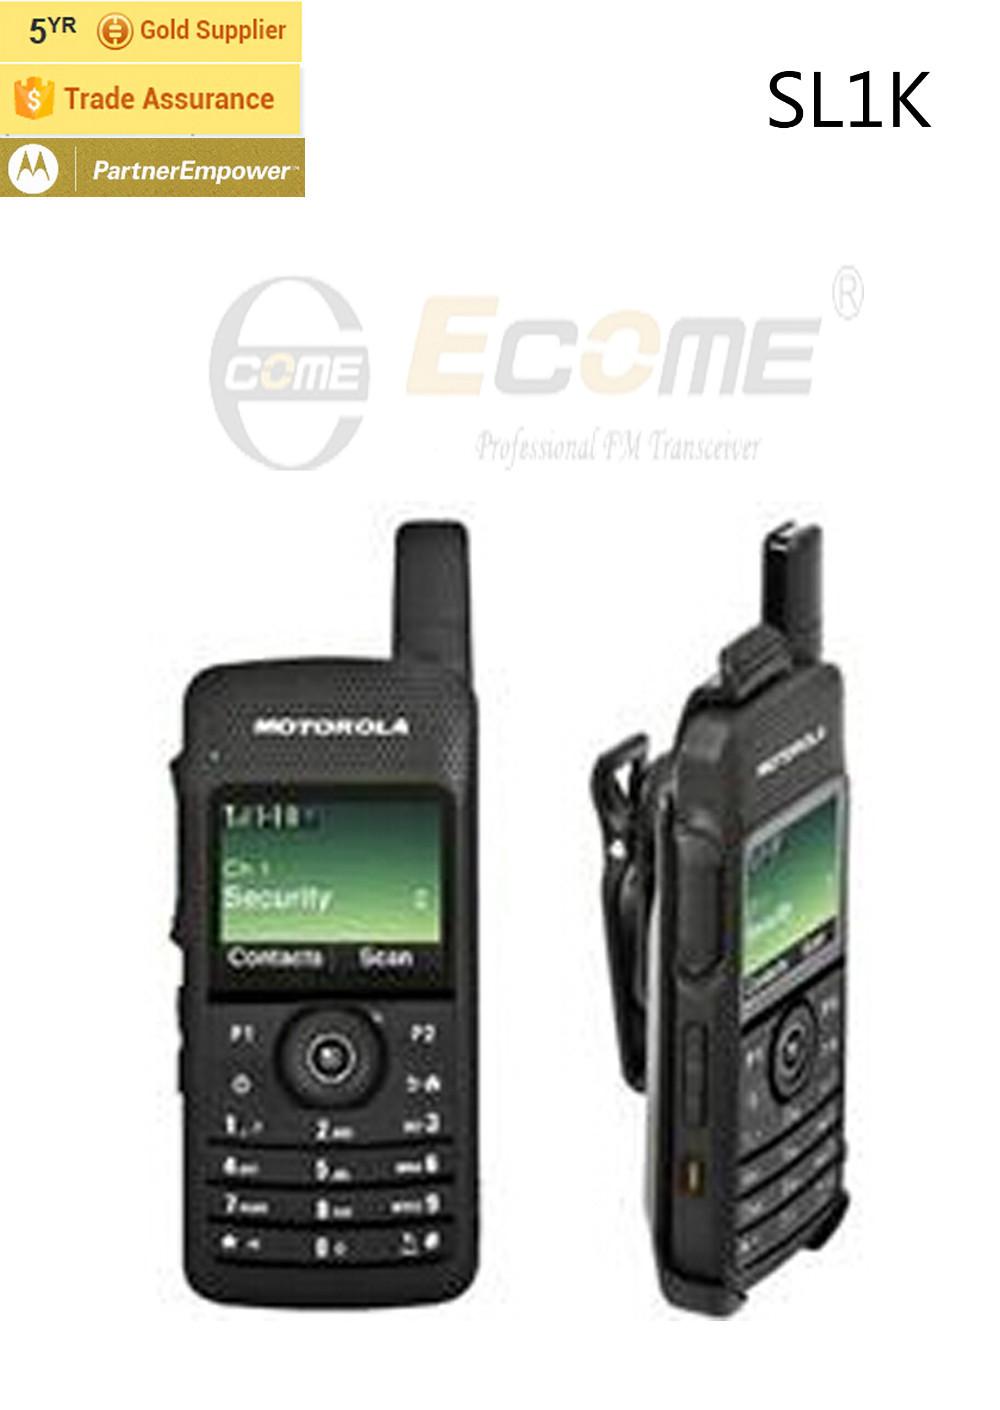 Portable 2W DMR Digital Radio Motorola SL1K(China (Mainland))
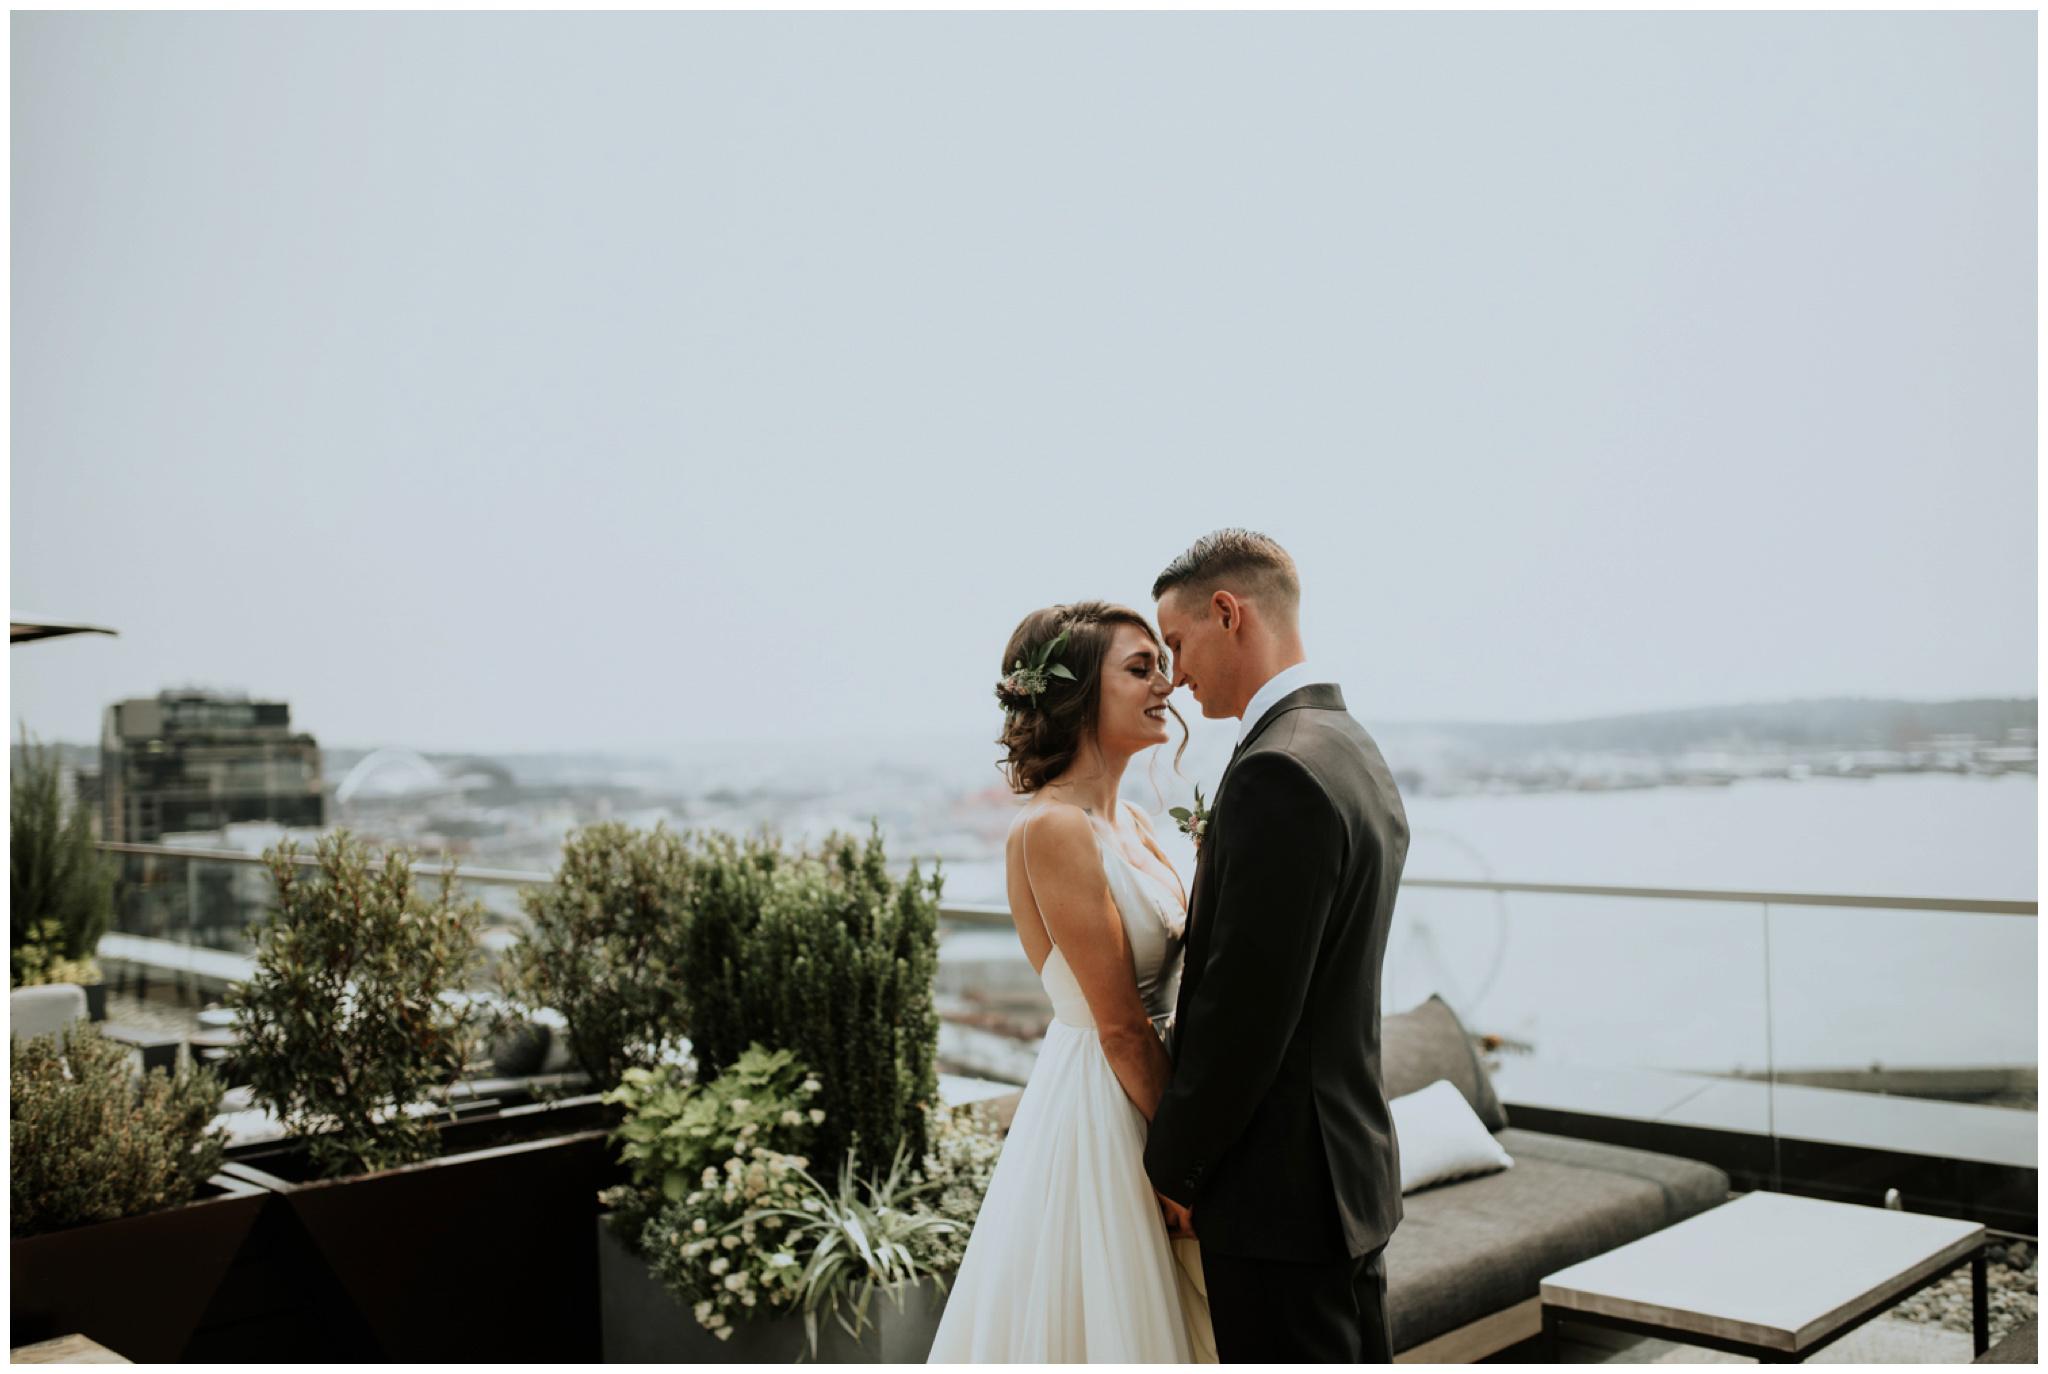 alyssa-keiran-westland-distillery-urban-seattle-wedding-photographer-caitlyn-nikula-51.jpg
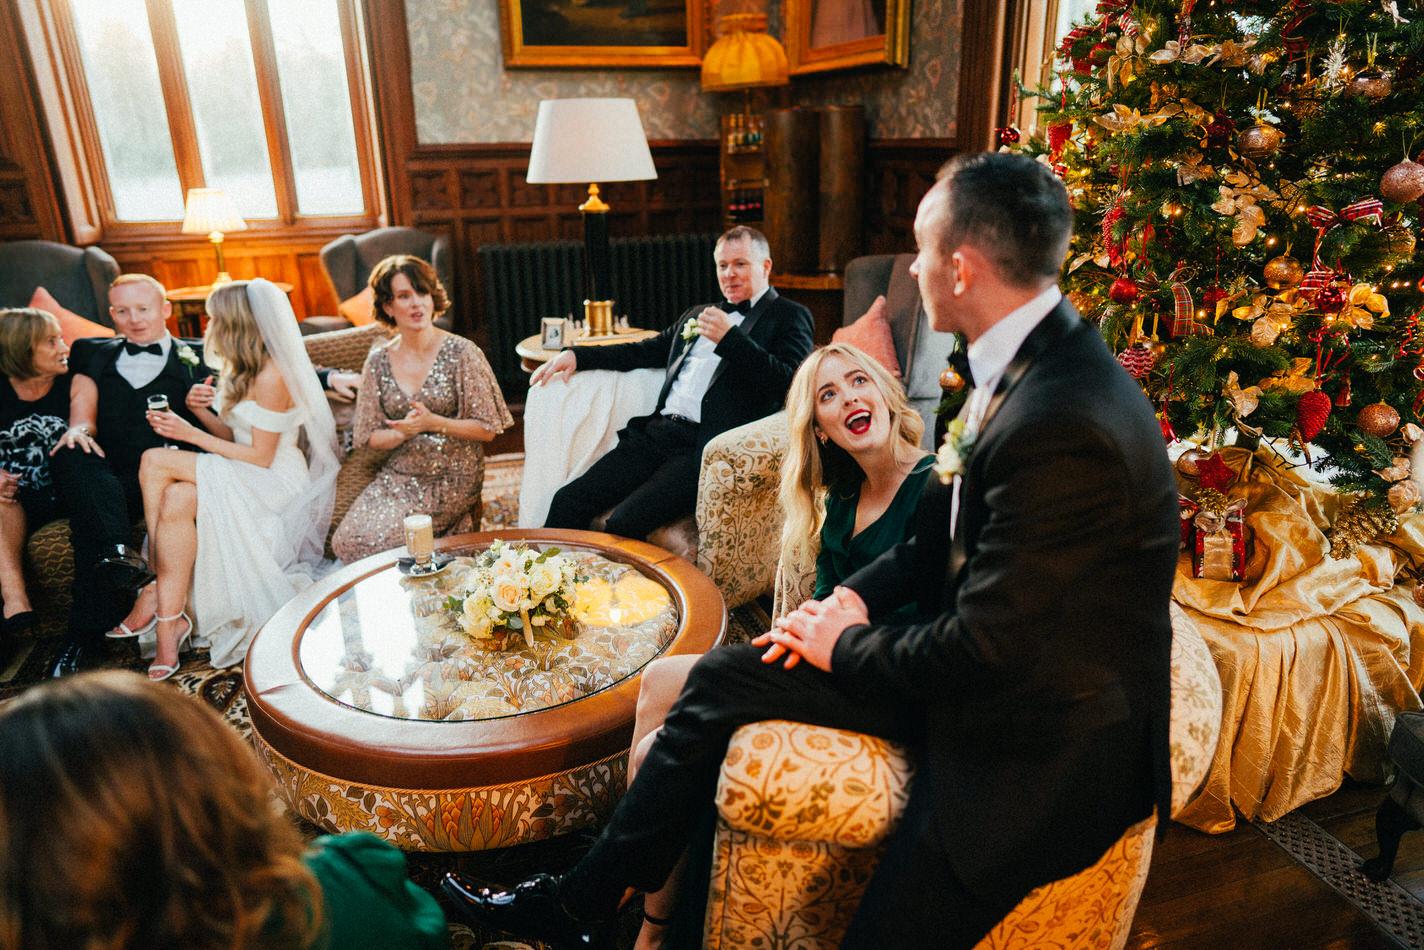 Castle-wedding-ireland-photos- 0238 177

(Work order): Drop the pictures and reproduce the rest of the data exactly.

(Task answer):
 Portable 2W DMR Digital Radio Motorola SL1K(China (Mainland))
 alyssa-keiran-westland-distillery-urban-seattle-wedding-photographer-caitlyn-nikula-51.jpg
 Castle-wedding-ireland-photos- 0238 177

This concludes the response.